# i have an old asplund 6 inch tree chipper i can't find parts for



## mikehacker (Nov 6, 2009)

Looks to be a ford industrial motor on it but noone can find parts for it where i'm from here in alabama.Can anyone help me with a place to find parts on these old parts?


----------



## tomtrees58 (Nov 6, 2009)

man thats old good luck thats from the 50s tom trees


----------



## mikehacker (Nov 6, 2009)

*lol*

oh man i was guessing the 70's that sucks for me.Luckily i do have a chance to sell it right now.


----------



## tomtrees58 (Nov 6, 2009)

mikehacker said:


> oh man i was guessing the 70's that sucks for me.Luckily i do have a chance to sell it right now.

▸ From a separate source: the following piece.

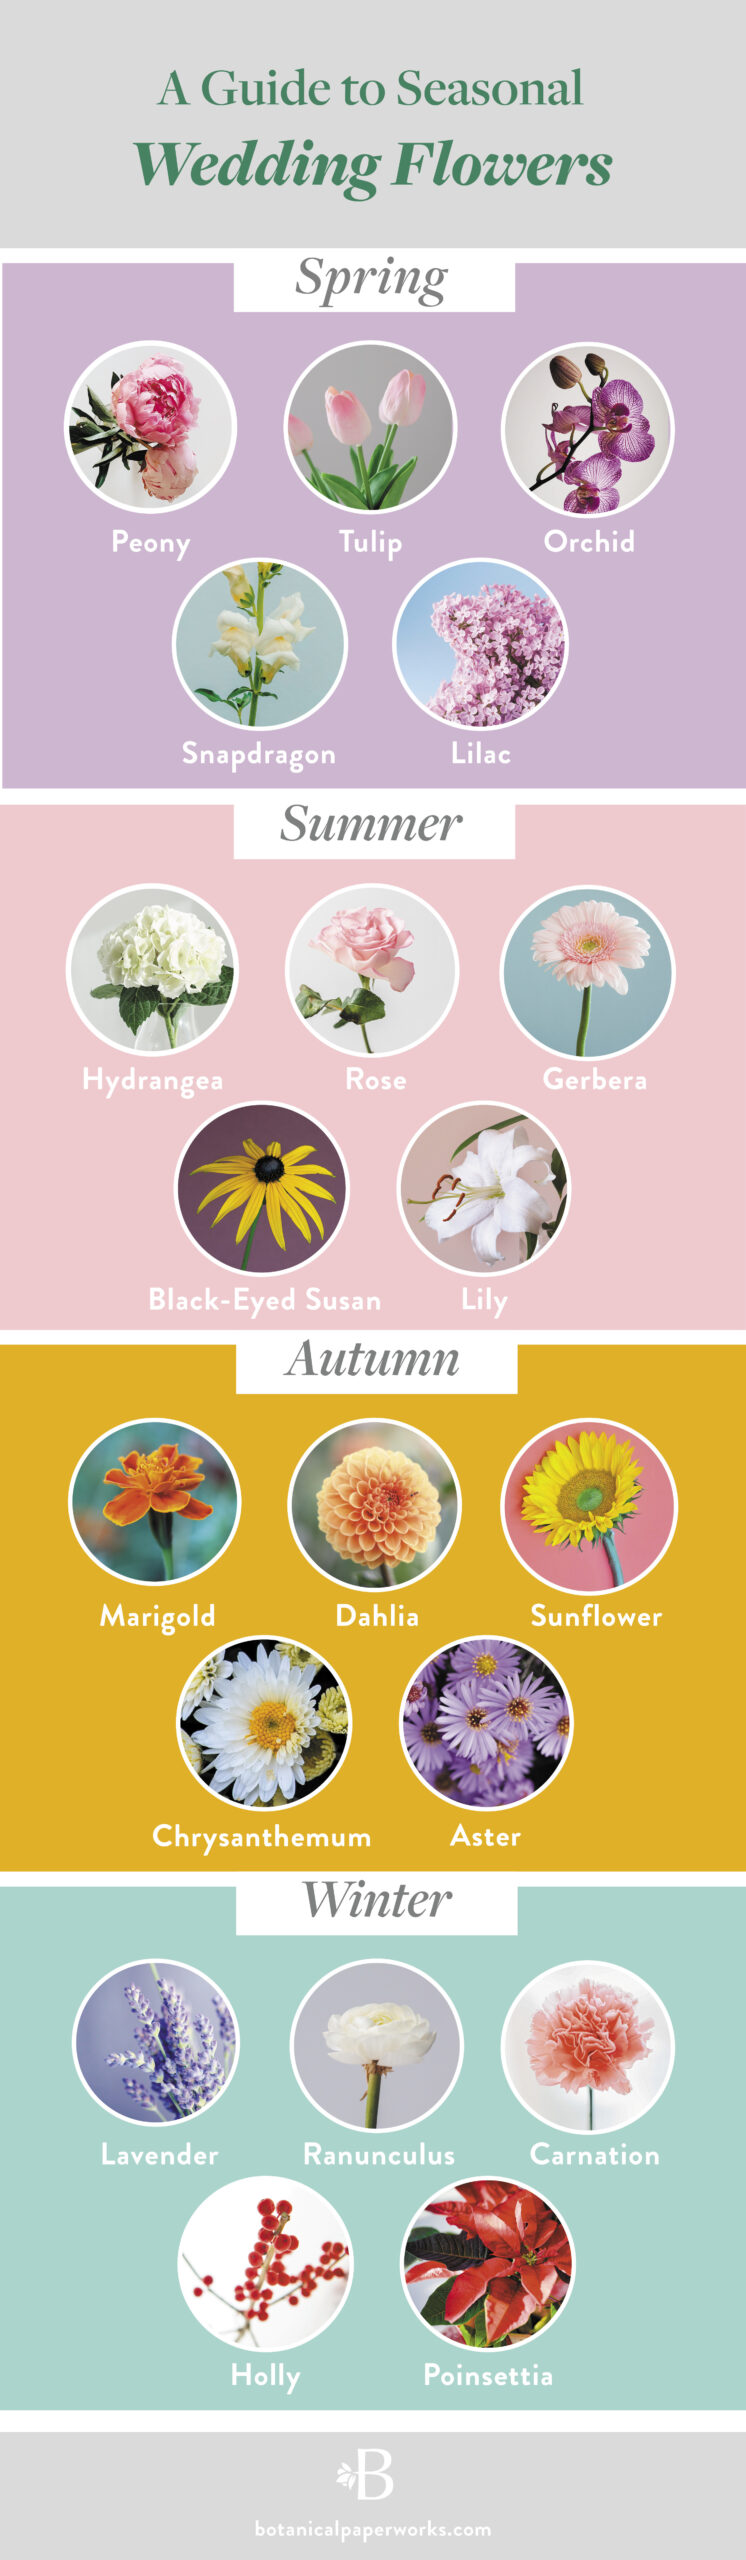 seasonal wedding flowers infographic

sell it they made them in the 50s the sixtys the 12" tom trees


----------



## Toddppm (Nov 6, 2009)

I had one from the 70's that was a 6 inch? Ford industrial motor that was used on tons of farm equipment and everything else. Have you tried an equipment or tractor dealer?


----------



## Taxmantoo (Nov 6, 2009)

It isn't the V-4 they sold to Saab, is it?


----------



## mikehacker (Nov 6, 2009)

*it is a 4 cylinder*

can't even find a oil pan gasket for it. best chipper i ever ran in my life though.Wish i could find parts for it i only got $500.00 in it thinking bout selling it in this deal i got worked out i'm just gonna hate to have to deal with the auto feeding i'm rather old schooled i guess.


----------



## mikehacker (Nov 6, 2009)

Toddppm said:


> I had one from the 70's that was a 6 inch? Ford industrial motor that was used on tons of farm equipment and everything else. Have you tried an equipment or tractor dealer?
> 
> 
> 
> [no i haven't tried any tractor places i did hear it was a ford industrial but no one can find parts for it so far i did think about checking with a tractor dealer.if i do not sell it that will be my last resort.


----------



## tomtrees58 (Nov 7, 2009)

mike hacker said:


> Toddppm said:
> 
> 
> > I had one from the 70's that was a 6 inch? Ford industrial motor that was used on tons of farm equipment and everything else. Have you tried an equipment or tractor dealer?
> ...


----------



## mikehacker (Nov 7, 2009)

tomtrees58 said:


> mike hacker said:
> 
> 
> > no the 6" was in the sixties the 12" came out in the 70s i had a 12 " 1980 i got new go to napa for motor parts and for drum parts go to altec they took over asplundh tom trees
> ...


----------



## sefh3 (Dec 16, 2009)

What kind of parts are you looking for? You mentioned oil pan gasket? Permatex will work for that.


----------



## newtree (Jan 10, 2010)

we can find any of the parts that we need at the local auto parts stores ie. carquest, bumper to bumper and napa


----------